Democracia, afinal, é um conjunto de conversações. Se pararmos de conversar sobre democracia, a democracia acaba. Para que tal não aconteça, os democratas liberais-inovadores (6) terão de configurar novos mundos glocais – em comunidades abertas de aprendizagem, de prática ou de projeto – em que seja possível manter conversações democráticas e atuar de acordo com elas, experimentando a democracia como modo-de-vida.
Se houver uma quarta onda de democratização, ela dependerá disso. Mas considerando que essa onda não será gerada por um evento único, de forma centralizada e nem simultânea e sim por um tempo que pode ser relativamente longo e de forma distribuída, parece claro que não sairá daí um (único) modelo de democracia e sim múltipos arranjos democráticos.
Questões para reflexão e conversação
Em que sentido pode-se dizer que a democracia é um conjunto de conversações? (7)
Por que os agentes (os “novos monges”) aos quais caberia manter acesa a chama da conversação democrática são aqui chamados de democratas liberais-inovadores? (8)

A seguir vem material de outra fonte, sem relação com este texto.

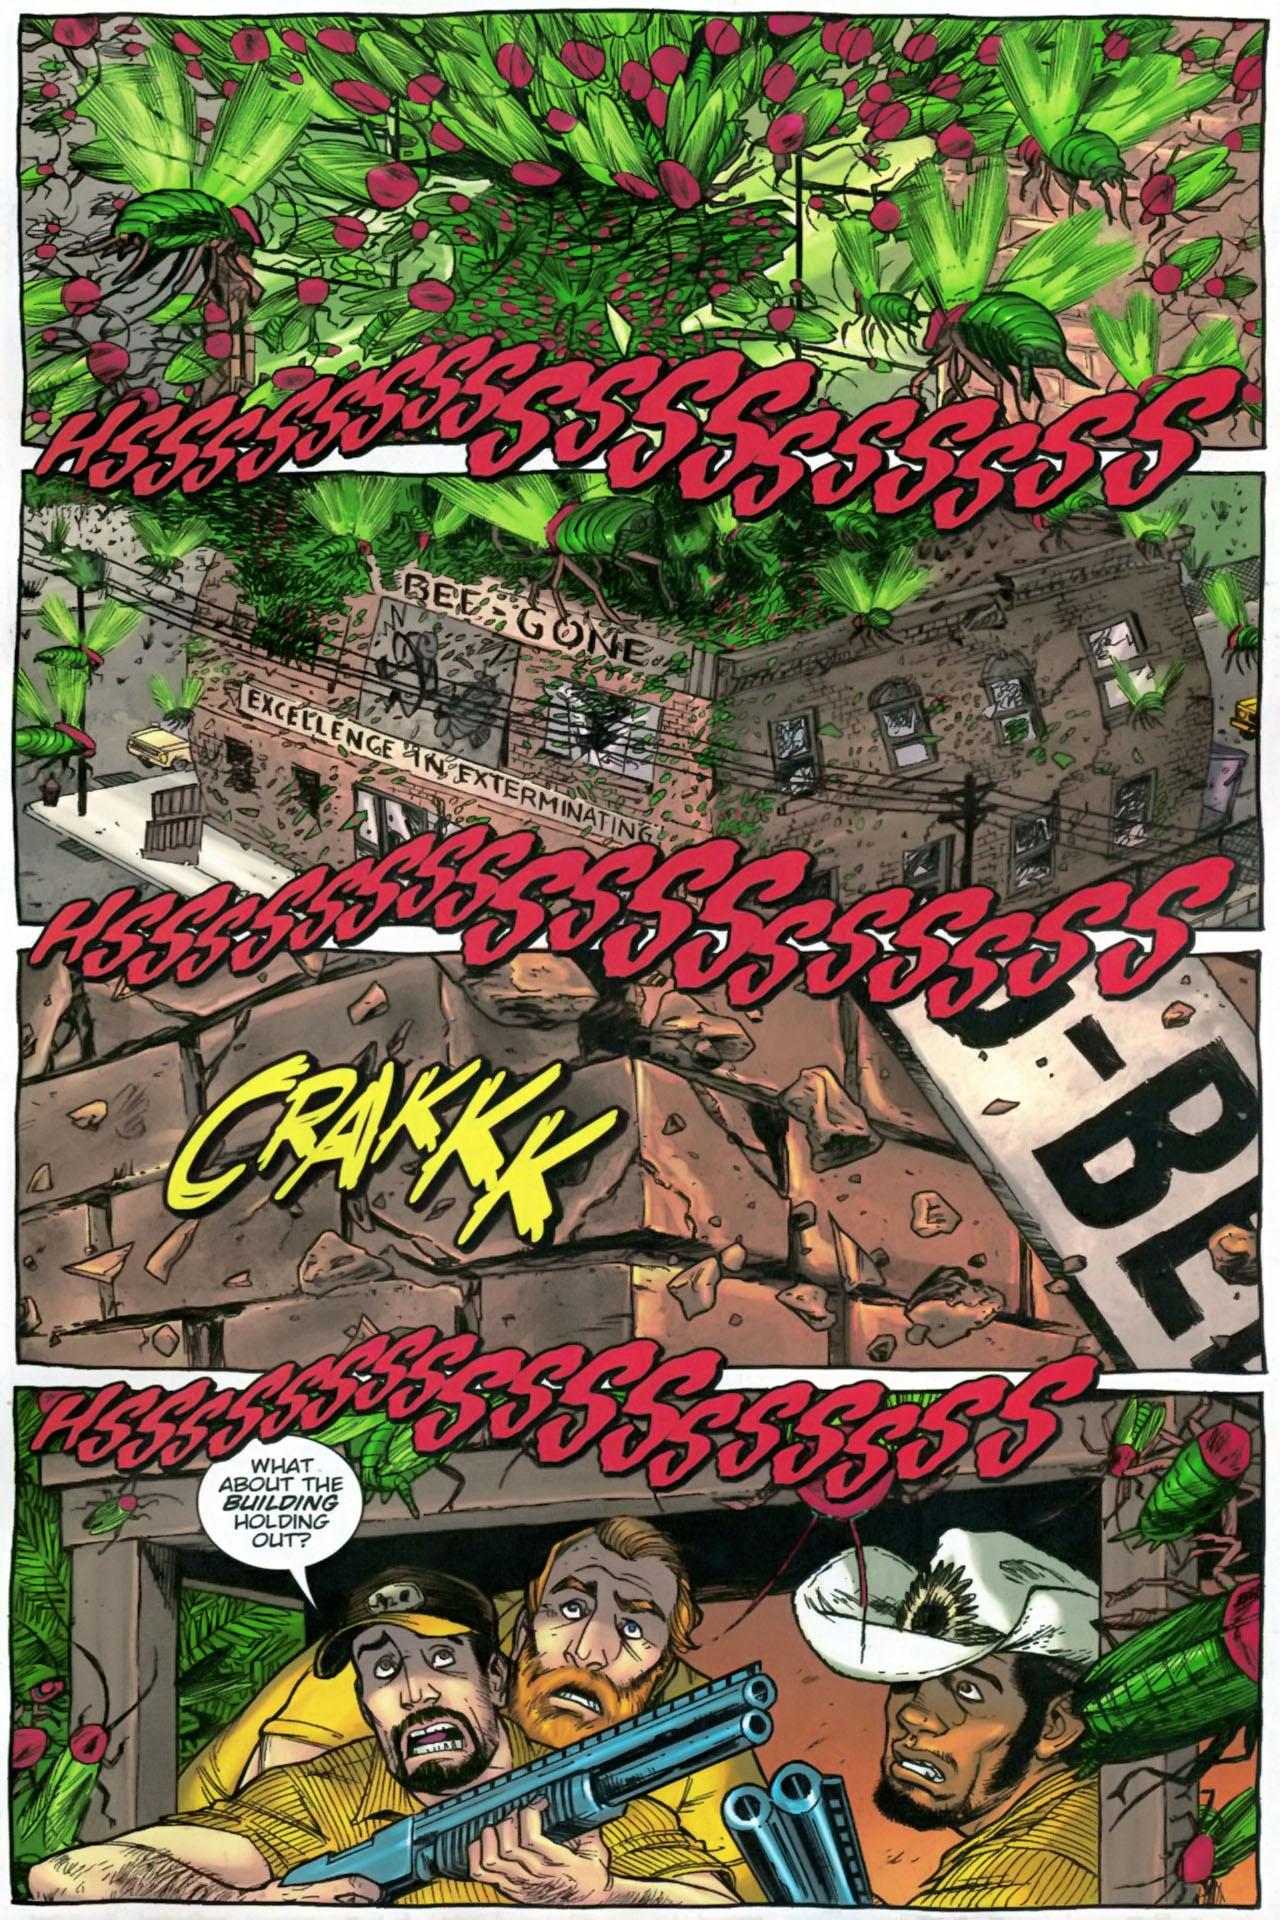 Read online The Exterminators comic -  Issue #28 - 21
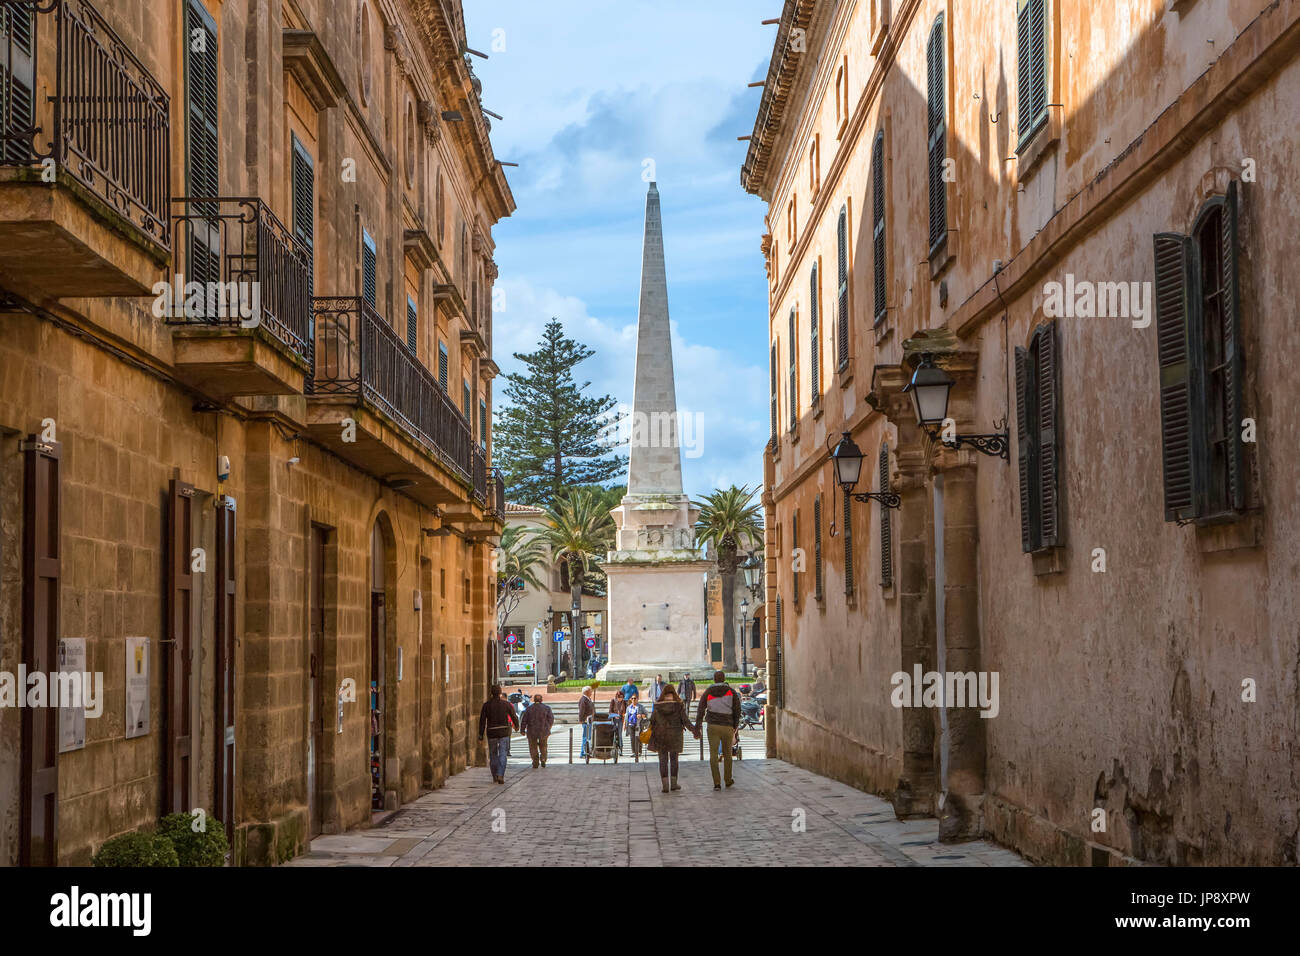 Spain, Balearic Islands, Menorca Island, Ciutadella City, Mayor des Born Street - Stock Image

Por que não basta defender a democracia que temos, como modo político de administração do Estado, mas seria necessário experimentá-la também como modo de vida para alcançar as democracias que queremos? (9)
Notas
(1) Lührmann, Anna & Lindberg, Staffan (2019). Uma terceira onda de autocratização está aqui: o que há de novo nisso? Dagobah (07/03/2019) Cf. o original: A third wave of autocratization is here: what is new about it? Democratization, Volume 26, 2019 – Issue 7.
(2) Diamond, Larry (2015). Enfrentando a recessão democrática. Dagobah (13/01/2019). Cf. o original: Diamond, Larry (2015). Facing up to the democratic recession. Journal of Democracy Volume 26, Number 1 January 2015 © 2015 National Endowment for Democracy and Johns Hopkins University Press.
(3) Cf. Samuel P. Huntington (1991). Democracy’s Third Wave. Journal of Democracy Vol.2. No.2 Spring 1991.
(4) Cahill, Thomas (1995). Como os irlandeses salvaram a civilização. Rio de Janeiro: Objetiva, 1999.
(5) Franco, Augusto (2021). Não é possível salvar a democracia. Dagobah (25/01/2021).
(6) Franco, Augusto (2023). Democratas liberais inovadores. Dagobah (29/04/2023).
(7) Ver Maturana, Humberto & Verden-Zoller, Gerda (1993). Amar e Brincar: Fundamentos esquecidos do humano. São Paulo: Palas Athena Editora, 2009. Cf. a primeira parte do livro, intitulada Conversações Matrísticas e Patriarcais, em especial o capítulo 6.3.
(8) Cf. nota (6) supra.
(9) Cf. Franco, Augusto (2023). Como as democracias nascem: redescobrindo o papel inovador da democracia como regime político e como modo-de-vida. São Paulo: Casas da Democracia, 2023.